In the second stanza, the speaker repeats that they will no longer” brood/ Upon love’s bitter mystery; ”  because Fergus is in control.  Away from their troubled world and driving into an idyllic one,  Fergus rules not only the kingly “brazen” (means bronzed in context, but hints at Fergus, as well) carriages, but the vastness of nature: “the shadows of the wood,”  the womanized “white breast of the dim sea,”  and, the disturbing last sentence, the new land now seems to be the whole world captured by Fergus.  And it’s chaotic, ambiguous. The timeless order of the stars, the reliable placement of each of them, now “dishevelled” and “wandering,”  a universe scattering out of control. It adds a sinister possibility to the future.

For years I’ve read this poem, mesmerized by the beauty of the language, the feeling of suspense,  the elusive intention, ignorant of outside information. Now I wanted to read about Fergus, known as the “Poet King.”

He was the first Irish king of Ulster, ” One of the greatest of all Ulster heroes,”  star of many of their exploits.  The one referred to in Yeats’ poem is of minor importance except for the way it came about.  At this time, Fergus had fallen in love with a woman named Ness, asked her to marry him and she said yes,  under one condition: Fergus would have to allow her son , Conchubar, to rule as king in his place for one year, thereby making any sons that Conchubar had during that year to be legally in the line of kings of Ulster.  Fergus agreed and went away into the wilderness with his followers, to know, by some accounts, “the lasting mysteries of nature.” 

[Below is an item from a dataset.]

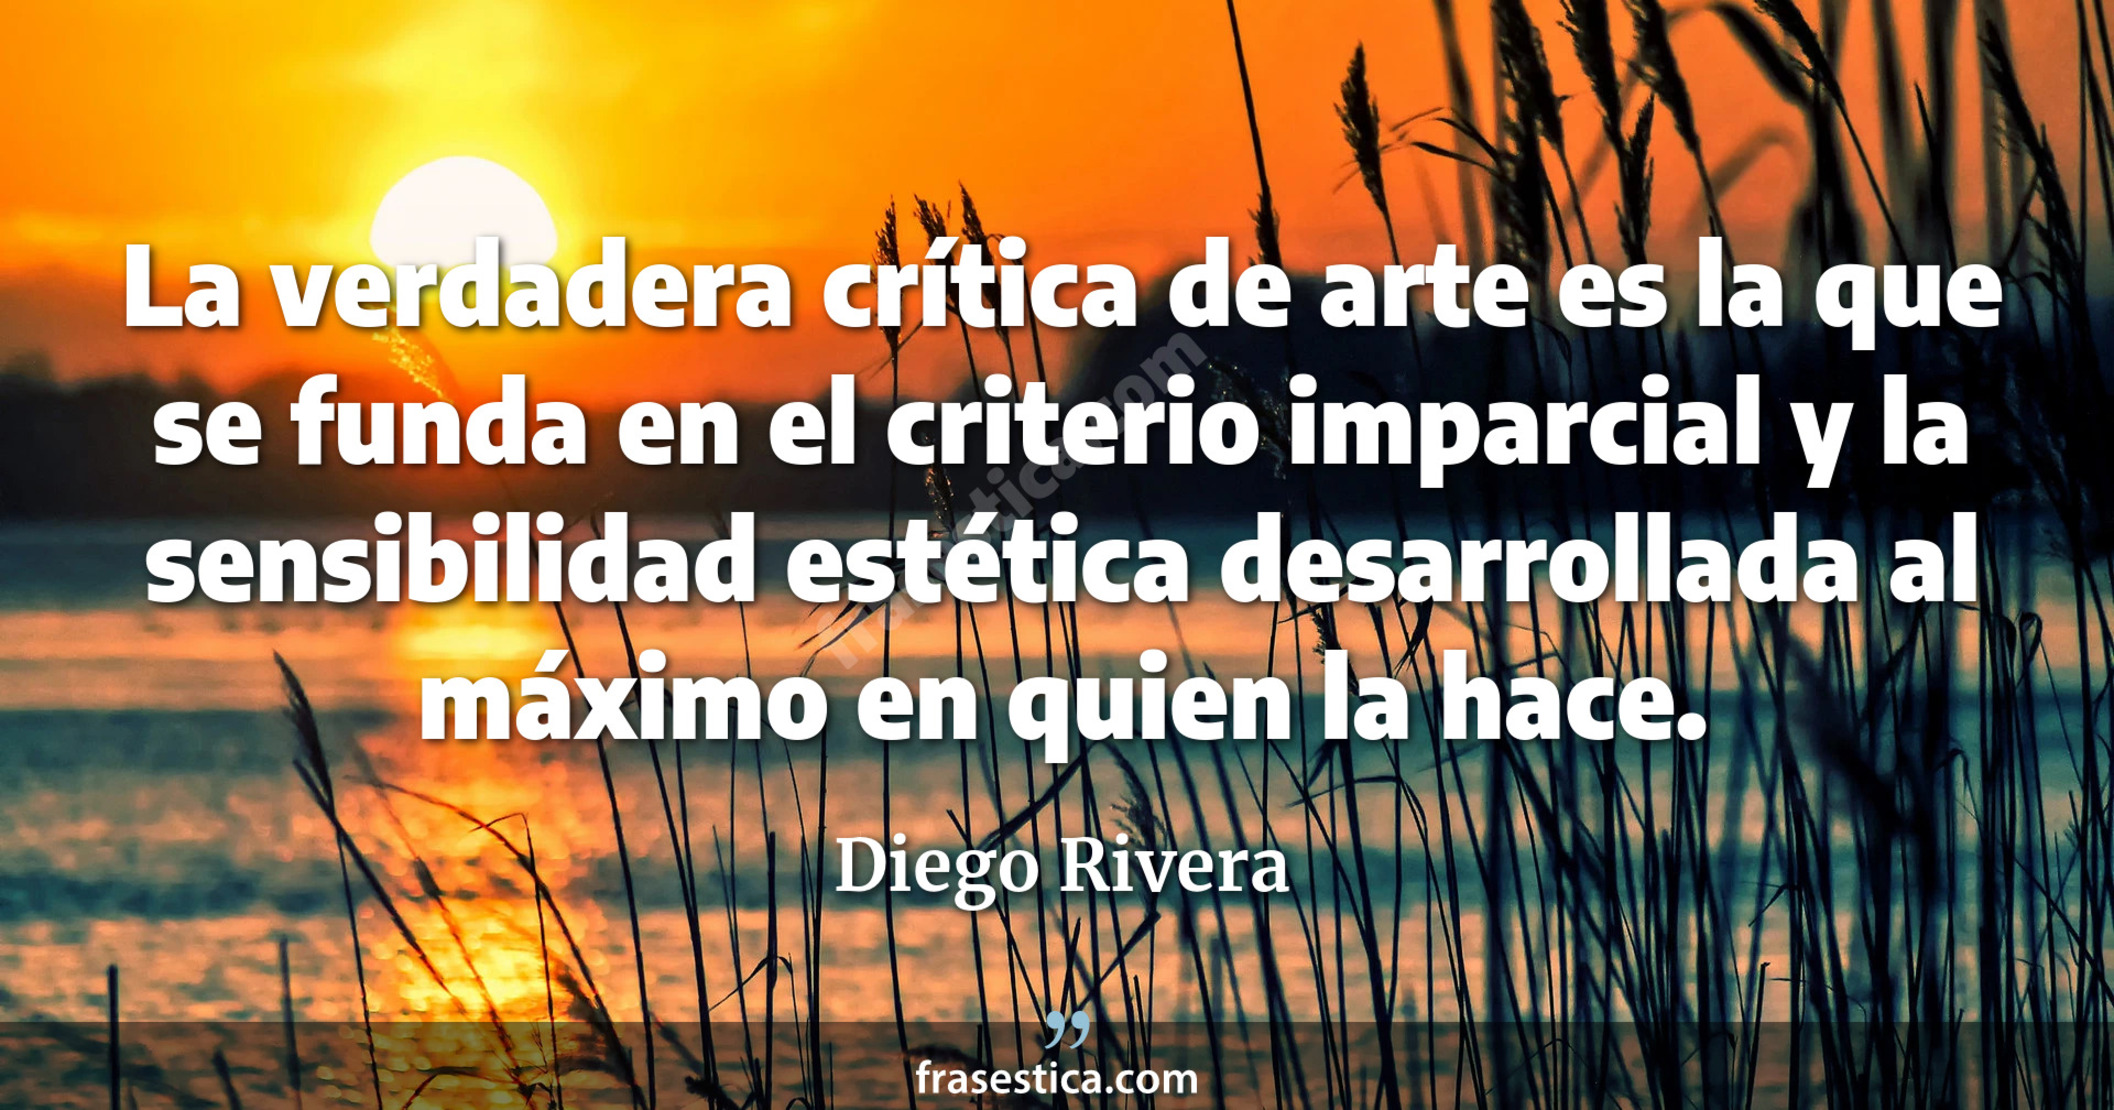 La verdadera crítica de arte es la que se funda en el criterio imparcial y la sensibilidad estética desarrollada al máximo en quien la hace. - Diego Rivera

When he returned, after the year, he found that Ness had tricked him.  She had helped Conchubar become a success as king and he was so admired that the people wanted him to stay on, which he did, leaving Fergus to seek other challenges, which he did.  Yeats was always fascinated by the mystical and the occult and this episode in the myth of Fergus, looking to the wilderness as a spiritual refuge, would have, no doubt, been appealing to him.

Reviewing the interpretations of “Who Goes With Fergus?,”  the diversity of ideas reveals how bewitching the poem is.   A few examples:

“This poem is about the dichotomy of the thinker and the actor.”

“The poem is representative of Yeats’ symbolist phase”

“Who Goes With Fergus?”  Anyone willing to come face to face with their displacement in order to find a deeper sense of purpose and self-identity.”

“The poem revolves around our interpretation of “now” in the first line–is it before or after abdication ?”

“Who Speaks for Fergus?  Silence, Homophobia, and the Anxiety of Yeatsian Influence in Joyce”. (book title)

” This poem takes the tone of a passionate exhortation, evoking a mysterious figure in “Fergus” as it asks the reader not to “brood on hopes and fear.”

I could go on, there are several more examples.  But while these may widely diverge, each one is part of a cogent essay,  illustrating the depth and complexity of this short, 2-stanza poem.  For me, looking for meaning seems diminishing.  I just go with Fergus, in spite of the wandering stars, on his glorious trip into another world.

Source: The Rose (1893)

     “The Second Coming”

Turning and turning in the widening gyre

The falcon cannot hear the falconer;

Things fall apart; the centre cannot hold;

Mere anarchy is loosed upon the world,

The blood-dimmed tide is loosed, and everywhere

The ceremony of innocence is drowned;

The best lack all conviction, while the worst

Are full of passionate intensity.

Surely some revelation is at hand;

Surely the Second Coming is at hand.

The Second Coming! Hardly are those words out

When a vast image out of Spiritus Mundi

Troubles my sight: somewhere in sands of the desert

A shape with lion body and the head of a man,

A gaze blank and pitiless as the sun,

Is moving its slow thighs, while all about it

Reel shadows of the indignant desert birds.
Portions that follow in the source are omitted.